Abstract

Evapotranspiration is one of the most important climate variables for agricultural and environmental management. We investigate the characteristics of daily crop evapotranspiration (ETo) forecasts up to 16 days ahead derived from GCM outputs using the Penman-Monteith Equation. Furthermore, we propose a post-processing method to calibrate the raw ETo forecasts to observations and improve overall reliability and skill. The post-processing method comprises: (1) the Yeo-Johnson transformation to handle the non-normal distribution of daily ETo, (2) the bi-variate normal distribution to formulate the relationship between transformed raw forecasts and observations, and (3) the Schaake shuffle to establish realistic temporal behaviour in each ensemble member.
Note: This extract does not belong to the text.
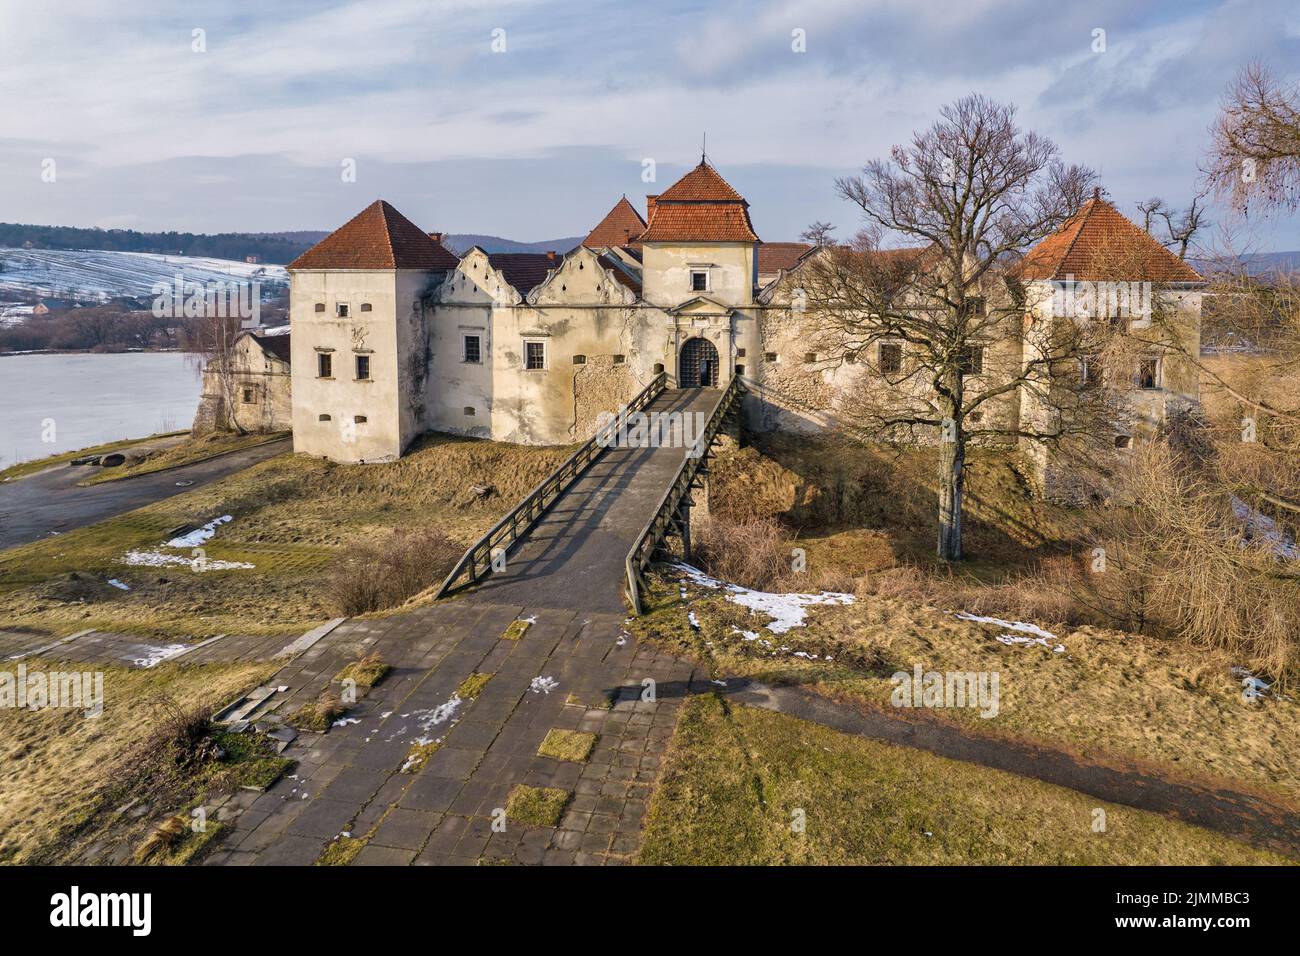 Aerial view over Svirzh Castle, Ukraine. It is a fortified aristocratic residence in Lviv region, built in 15th century. Stock Photo
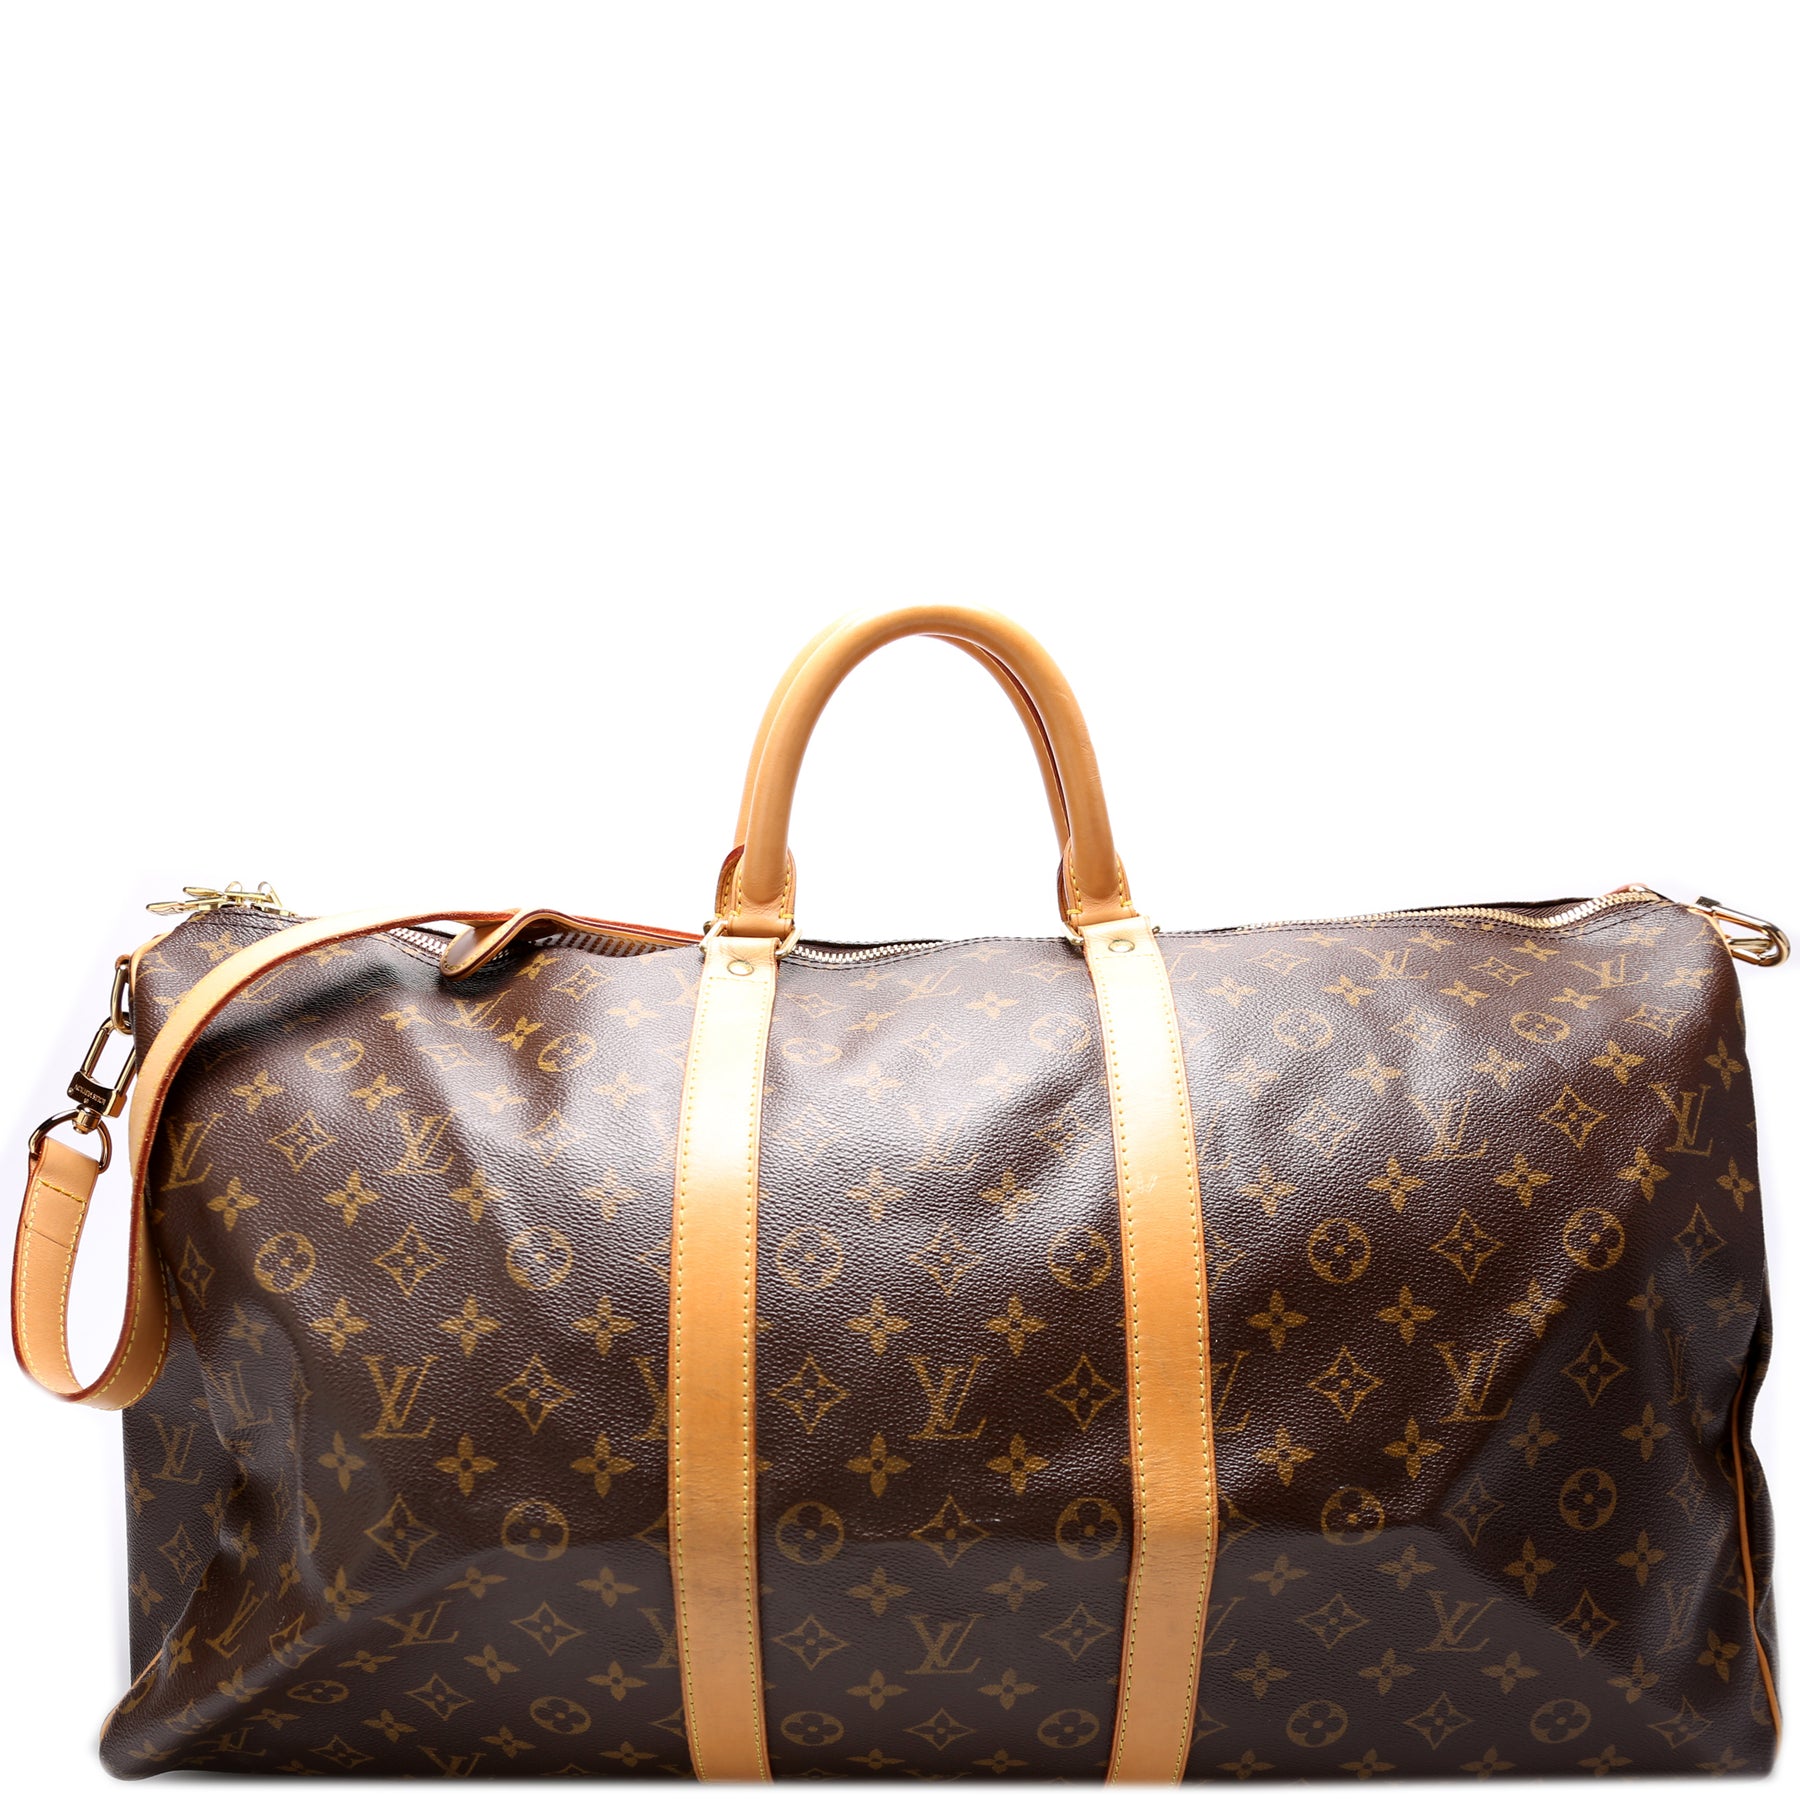 LOUIS VUITTON Keepall Bandouliere 55 Monogram without strap PRICE

For three distinct Australian case-study locations, ETo forecasts derived from raw ACCESS-S1 outputs are positively correlated with observations up to 16 days ahead. However, raw forecasts verify more poorly than naïve climatology forecasts because of significant bias and poor ensemble spreads. Post-processing the raw ACCESS-S1 ETo improves skill and reliability markedly. Skilful daily ETo forecasts are achieved in the first week, and the skill of cumulative ETo forecasts extends beyond two weeks into the future. The proposed ETo post-processing method could be applied to support operational, multi-week forecasting of short-term ETo in support of the day-to-day decisions of irrigators in Australia and elsewhere.